Posted to commits@commons.apache.org by tn...@apache.org on 2015/06/21 19:39:41 UTC

[math] [MATH-1236] Improve performance of calculating the two-sample Kolmogorov-Smirnov test statistic. Thanks to Otmar Ertl.

Repository: commons-math
Updated Branches:
  refs/heads/master 75c2b24c6 -> 276e22858


[MATH-1236] Improve performance of calculating the two-sample Kolmogorov-Smirnov test statistic.
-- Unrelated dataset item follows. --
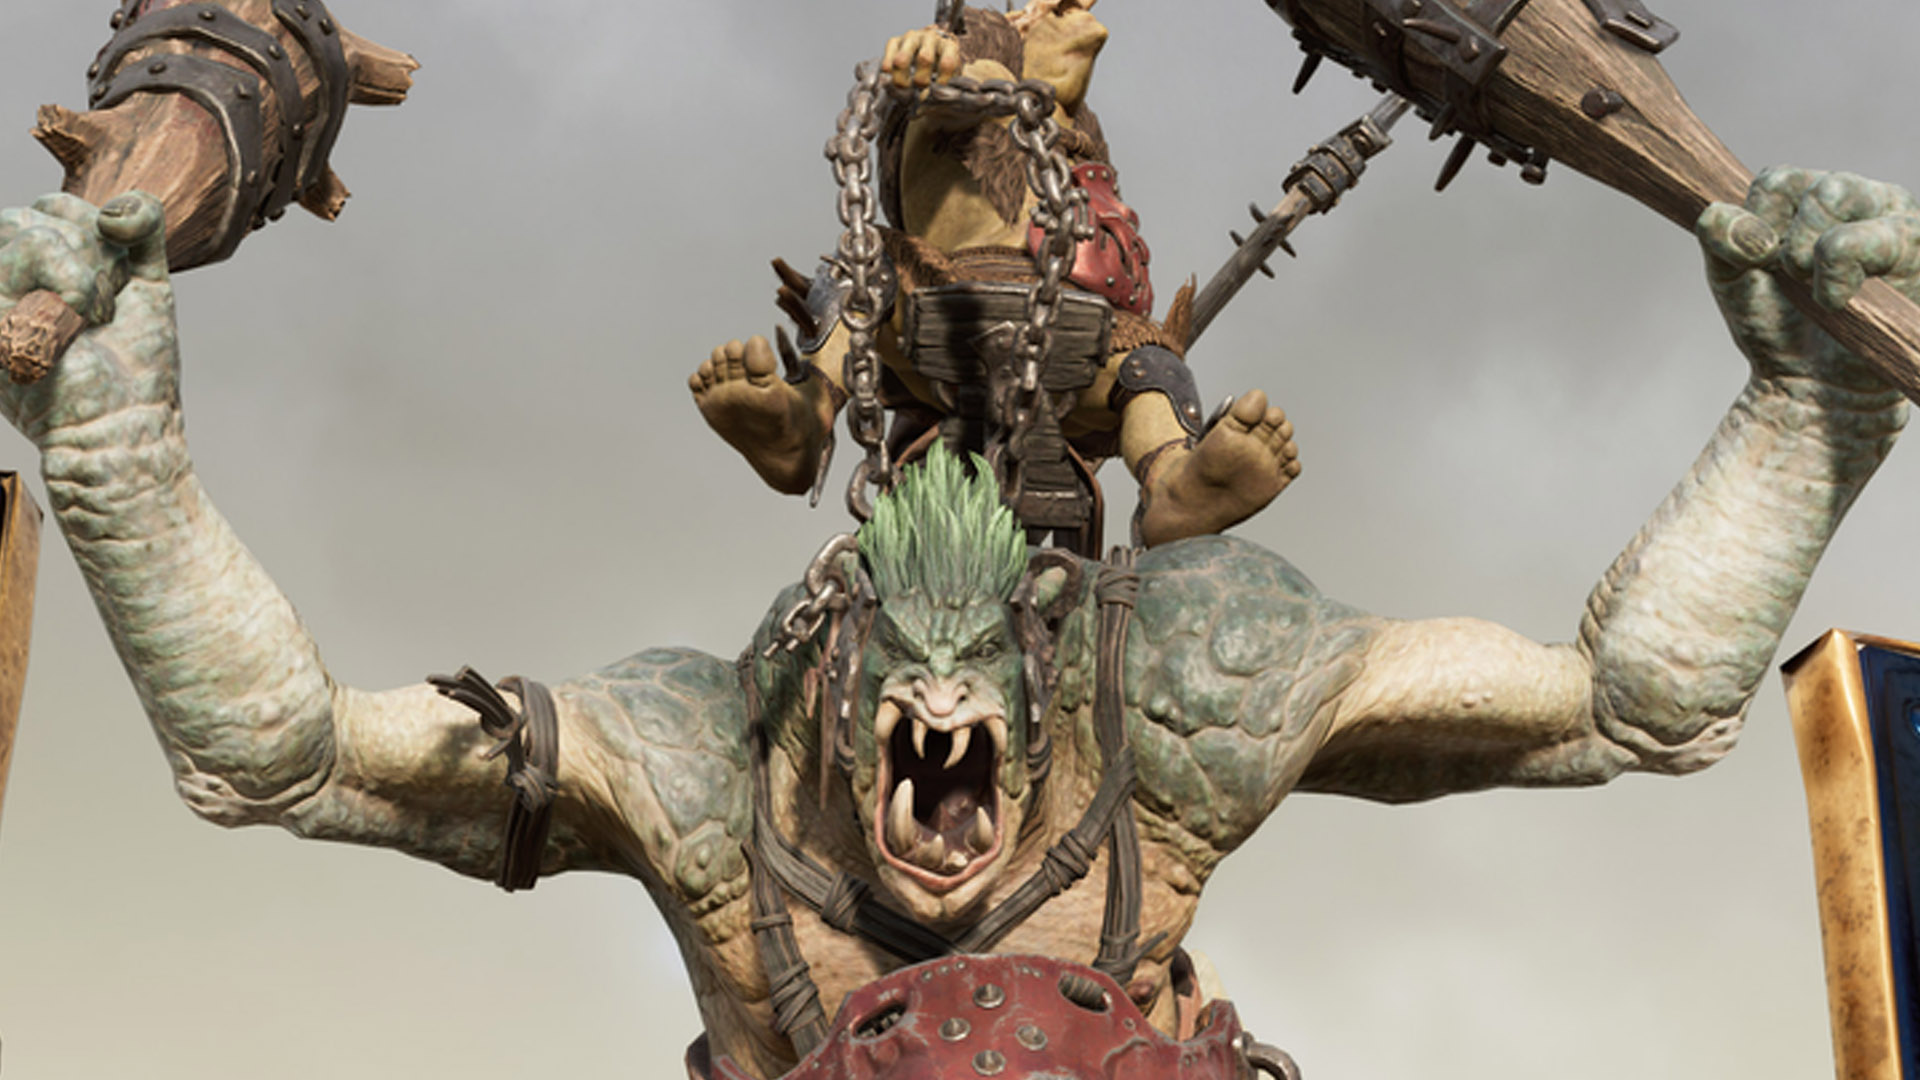 Save 90% on Warhammer games and claim free stuff in huge new sales

Thanks to Otmar Ertl.


Project: http://git-wip-us.apache.org/repos/asf/commons-math/repo
Commit: http://git-wip-us.apache.org/repos/asf/commons-math/commit/276e2285
Tree: http://git-wip-us.apache.org/repos/asf/commons-math/tree/276e2285
Diff: http://git-wip-us.apache.org/repos/asf/commons-math/diff/276e2285

Branch: refs/heads/master
Commit: 276e22858cdd56f5725e0c2f7a3522df99967973
Parents: 75c2b24
Author: Thomas Neidhart <th...@gmail.com>
Authored: Sun Jun 21 19:39:23 2015 +0200
Committer: Thomas Neidhart <th...@gmail.com>
Committed: Sun Jun 21 19:39:23 2015 +0200

----------------------------------------------------------------------
 src/changes/changes.xml                         |  4 ++
 .../stat/inference/KolmogorovSmirnovTest.java   | 52 +++++---------------
 .../inference/KolmogorovSmirnovTestTest.java    | 12 +++++
 3 files changed, 28 insertions(+), 40 deletions(-)
----------------------------------------------------------------------


http://git-wip-us.apache.org/repos/asf/commons-math/blob/276e2285/src/changes/changes.xml
----------------------------------------------------------------------
diff --git a/src/changes/changes.xml b/src/changes/changes.xml
index 13193e5..cb25351 100644
--- a/src/changes/changes.xml
+++ b/src/changes/changes.xml
@@ -54,6 +54,10 @@ If the output is not quite correct, check for invisible trailing spaces!
     </release>
 
     <release version="4.0" date="XXXX-XX-XX" description="">
+      <action dev="tn" type="fix" issue="MATH-1232" due-to="Otmar Ertl"> <!-- backported to 3.6 -->
+        Improved performance of calculating the two-sample Kolmogorov-Smirnov
+        test statistic.
+      </action>
       <action dev="erans" type="fix" issue="MATH-1231">
         Lifted unnecessary restriction on constructor's argument of
         "MicrosphereInterpolator" (package "o.a.c.m.analysis.interpolation").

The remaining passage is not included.